Узнали мы друг друга сразу, хоть я и поседел, а Среднев подсох и пооблысел, и, в парусинной толстовке, размашистый, смахивал на матерого партийца, Олечка его мало изменилась, — такая же нежная, вспыхивающая румянцем, чистенькая, светловолосая, с тем же здоровым цветом лица и милым ртом, особенно чем-то привлекательным… — наивно-детским. Только серые, такие всегда живые, радостные глаза ее теперь поуглубились и призадумались.

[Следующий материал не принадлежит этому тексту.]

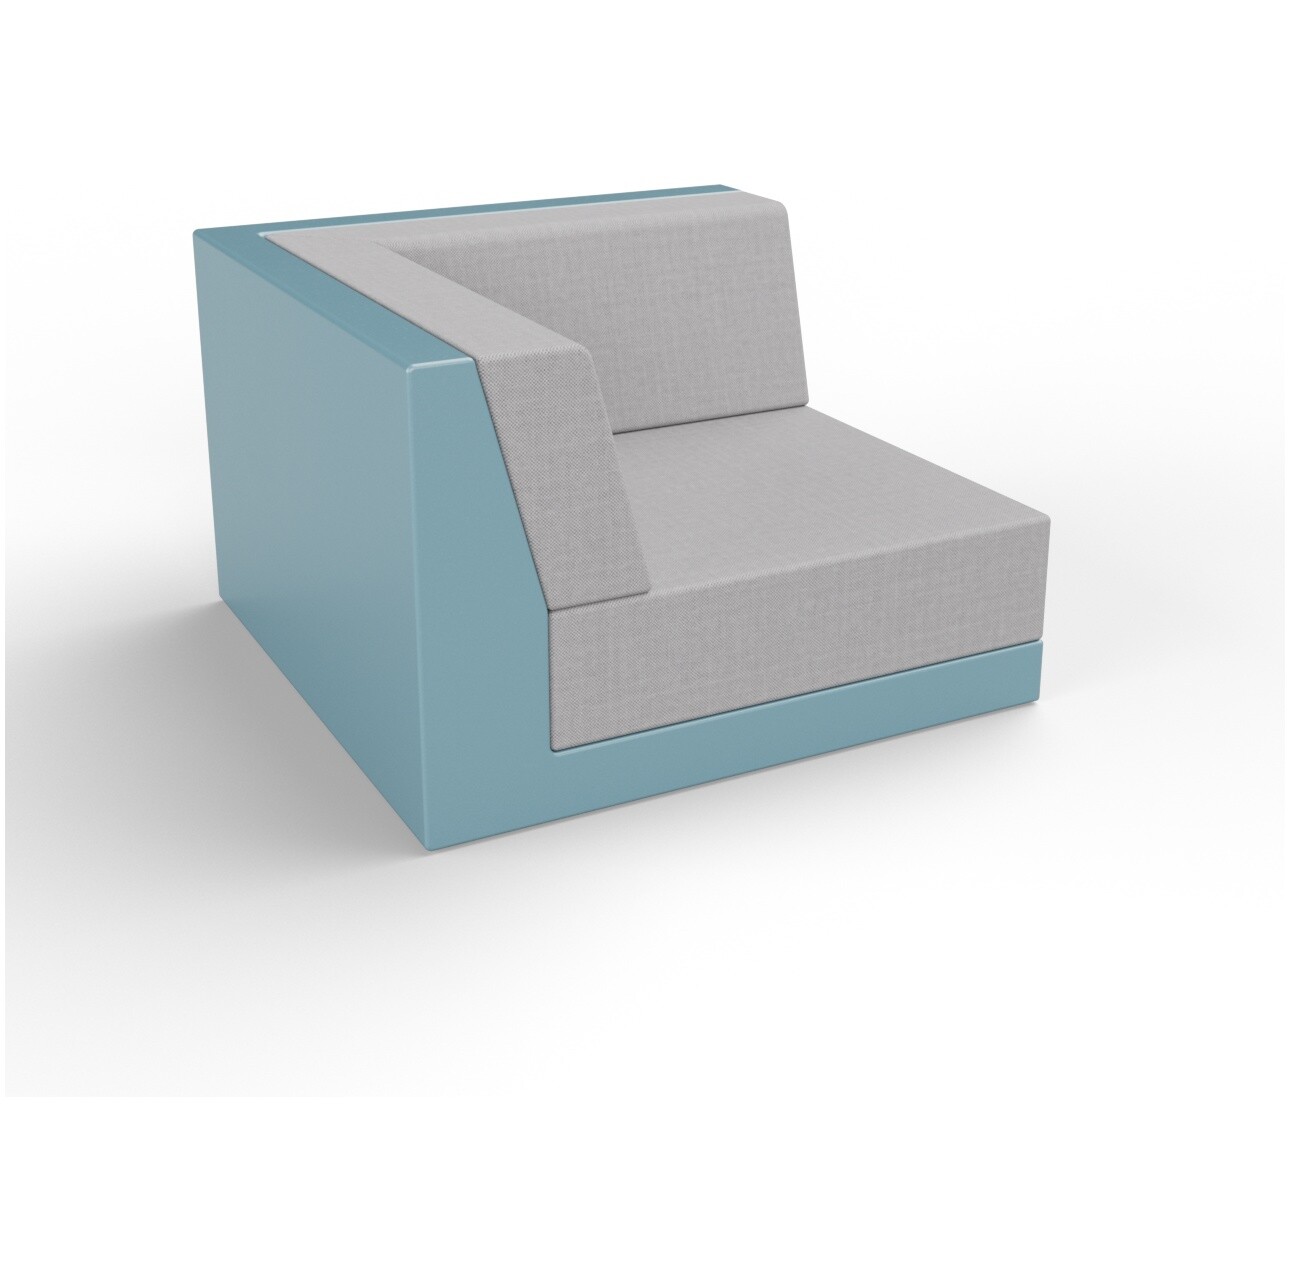 Модуль дивана угловой пластиковый с подушками бирюзовый, серый Quarter modular

Разговор наш легко наладился. Средневу посчастливилось: приехав в Посад, он поместился у родственника-профессора; профессор года два тому помер, и его внук, партиец, получивший службу в Ташкенте, передал им дом на попечение. Потому все и уцелело, и ржавая вывеска — "Свободен от постоя" — оказалась как раз по времени. Все в доме осталось по-прежнему: иконы, портреты духовных лиц, троицкие лубки, библиотека, кабинет с рукописями и свитками, пыльные пачки "Нового Времени" и "Московских Ведомостей", удочки в углу и портрет Ключевского на столе, с дружеской надписью: "Рыбак рыбака видит издалека".
На меня повеяло спокойствием уклада исчезнувшего мира, и я сказал со вздохом:
— "Все — в прошлом"! Картина, в Третьяковке: запущенная усадьба, дом в колоннах, старая барыня в креслах, и ключница, на порожке… Так и мы, "на порожке"…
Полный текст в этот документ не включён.